Quinoa is grown primarily for edible seeds and has been considered a “superfood” or “supergrain” (Figure 2). The seeds contain ten essential amino acids in a healthy balance. They do not contain amino acid in the form of gluten protein. Seeds also supply fiber, various vitamins (e.g., vitamins A, B2, and E), and minerals (e.g., calcium, magnesium, copper, zinc, and iron).

Depending on the variety and environmental conditions, quinoa yields may range from 760 to 3,100 lb/acre. In an optimal scenario, yield can exceed 5,000 lb/acre. In Pacific Northwest trials, however, yields as low as 100 lb/acre have been observed.

In southeastern Idaho, quinoa has been planted in the area of American Falls, Blackfoot, Grace, Soda Springs, and Aberdeen (Figure 3). Yields were 800–1,000 lb/acre in 2015, with a price of $1 per pound of seeds. A market for quinoa is being developed in eastern Idaho.

Mixed quinoa varieties
Figure 3. Mixed quinoa varieties growing in an approximately 35-acre field (2015, Koompin Brothers Farm, near American Falls, ID).

Environmental Requirements

Quinoa originated in high elevations of the South American Andes Mountains and is relatively tolerant of cold temperatures and light frost. The optimal average temperature for growth is 59°F–68°F. Before the soft-dough stage, quinoa is negatively affected by temperatures below 28°F; however, after that stage, the plants can tolerate temperatures as low as 20°F. It is sensitive to high temperatures during flowering and temperatures over 90°F–95°F may cause sterility.

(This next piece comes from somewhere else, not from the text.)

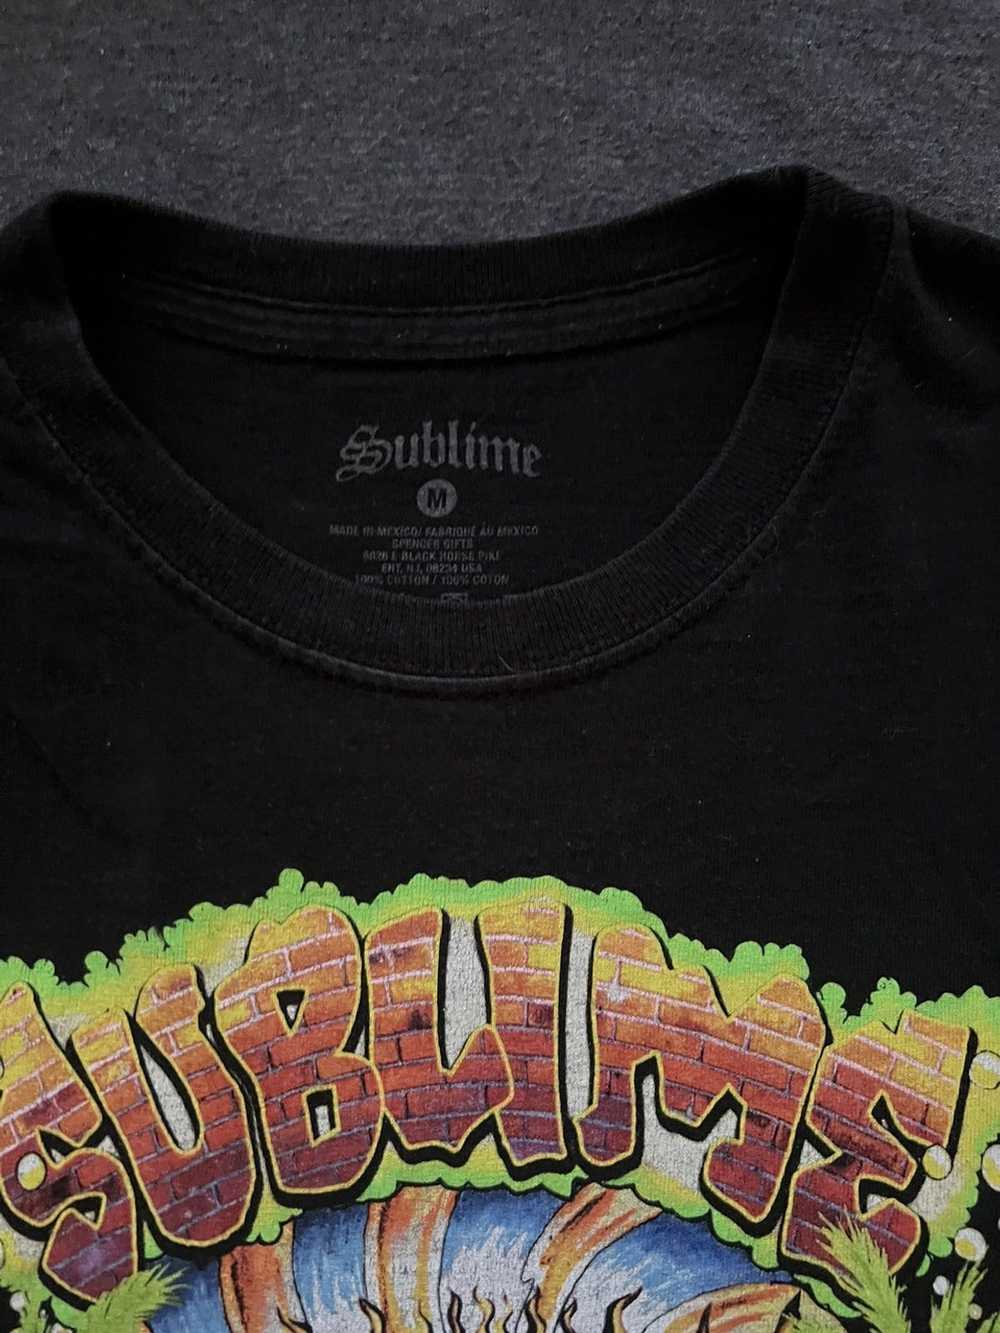 Sublime Sublime band tshirt size medium - image 2

Quinoa grows in a variety of soil types, from coarse sand to heavy clay, at a pH ranging from 4.5 to 9. The saline soils found in the western United States, including eastern and southeastern Idaho, present a unique challenge for crop growth. Quinoa is one of the most salt-tolerant crops, but salinity tolerance differs among varieties. The pseudocereal has potential as a crop for these problematic environments; however, further research is needed under Idaho conditions to identify varieties with maximum yield potential and tolerance to adverse conditions.

Cultural Practices


The length of the growing season required for best quinoa seed yields varies among varieties and environmental conditions. Set the planting date so that flowering does not coincide with peak summer temperatures. Optimal germination has been observed at soil temperatures between 40°F and 60°F. Based on these requirements, early to mid-April is the recommended quinoa seeding time for eastern and southeastern Idaho. In the presence of adequate soil temperatures and moisture, germination can occur within twenty-four hours. Seedling emergence usually occurs within five days.

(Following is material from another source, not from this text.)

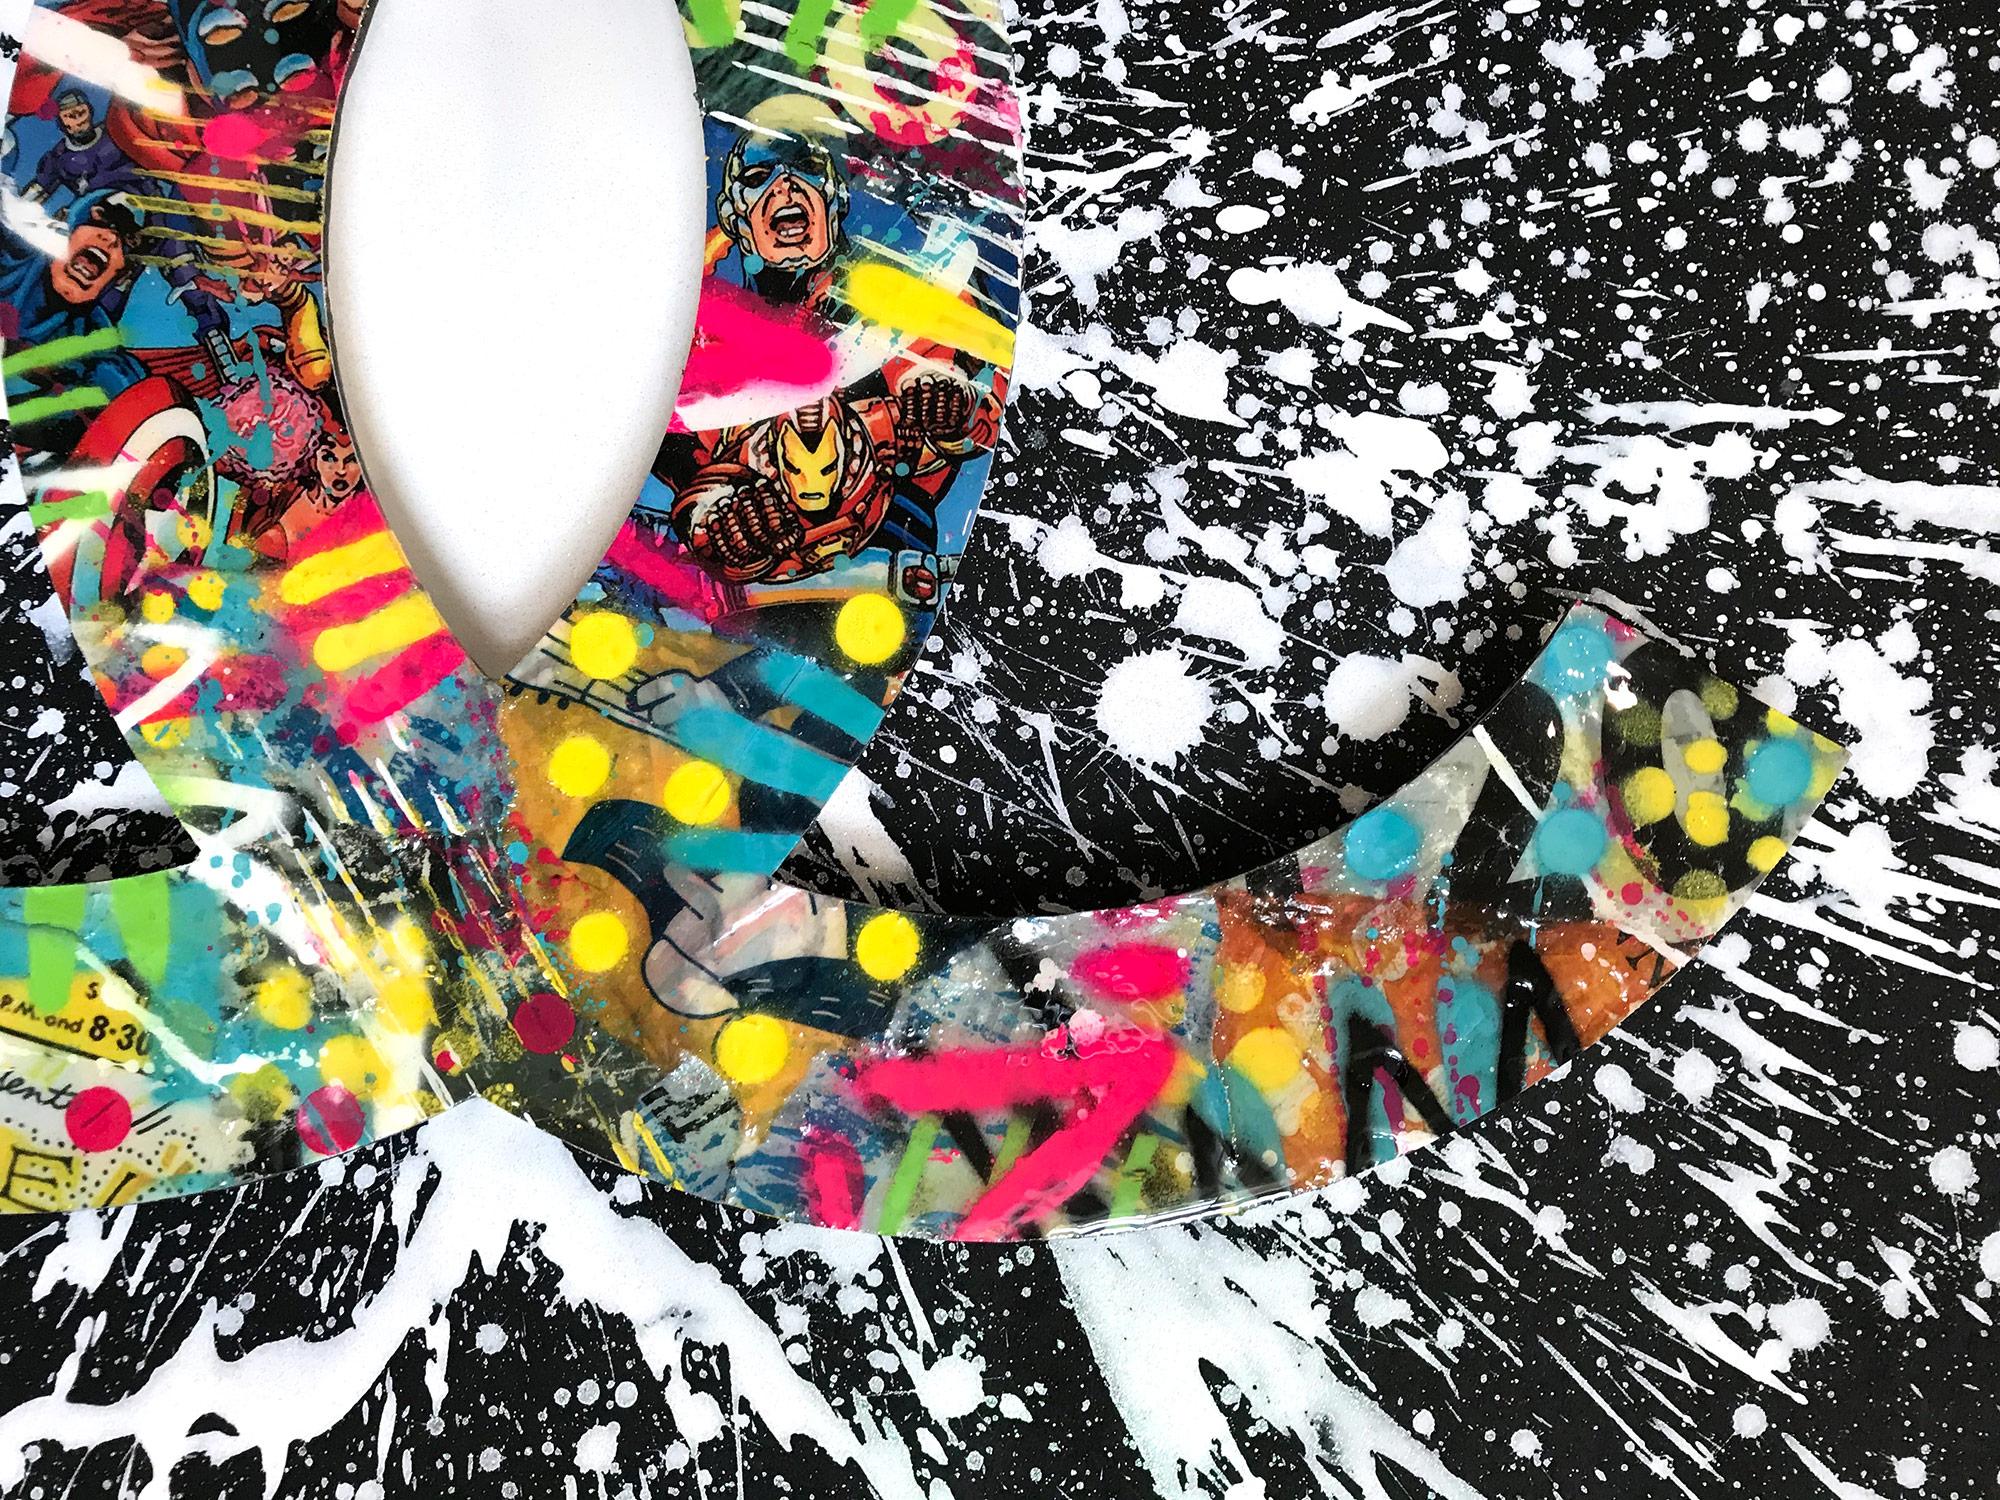 Dieses Stück zeigt ein abstraktes Chanel-Logo mit Farbausbrüchen und Pop-Art-Design.  Mit schönen ausdrucksstarken Kompositionen von Comics mit Sprühfarbe und Harz auf dem Chanel-Logo gemischt, stellt der Künstler dann Helligkeit mit einem

Row spacing can vary from 10–20 inches. Wider rows allow for mechanical weed control at the early stages of quinoa growth.

With the varieties currently being grown, stands of 130,000 plants/acre (0.5–0.75 lb seeds/acre) have proved to be optimal. Seeding rates may need to be increased where growing conditions are not optimal.

Quinoa is usually planted at a depth of 0.5–1 inches, depending on soil texture and other conditions at planting time. Excessively deep sowing can lead to poor emergence, whereas shallow seeding may expose the seeds to drying.

Fertility Requirements

To date, no studies have been conducted to develop fertilizer recommendations for quinoa grown in Idaho. Thus, precise fertilizer recommendations are unavailable. Based on results from studies conducted in other regions, it appears that nitrogen (N) rates in the range of 90–135 lb N/acre are likely to produce reasonable yields (i.e., nearly 3,000 lb/acre). Seed protein has also been shown to increase in response to N applications. However, excessive N may decrease time to maturity and increase lodging. Yield response to phosphorus (P) and potassium (K) application is unclear.

Water Requirements

Quinoa is relatively drought tolerant. It can produce acceptable yields (940 lb/acre) with as little as 7 inches of seasonal rainfall/irrigation. Optimal water input is 10–15 inches. With 18 inches of water, yields of 3,300 lb/acre have been reported.

Moderate drought stress prior to flowering usually does not reduce yield. In fact, excessive early irrigation does not increase yield and tends to produce tall plants, which may subsequently lodge, especially in windy areas such as eastern and southeastern Idaho. Thus, early season irrigation (at or before the 12-leaf stage) is not recommended. Water availability is more critical for grain yield, so a small amount of irrigation can be applied after flowering.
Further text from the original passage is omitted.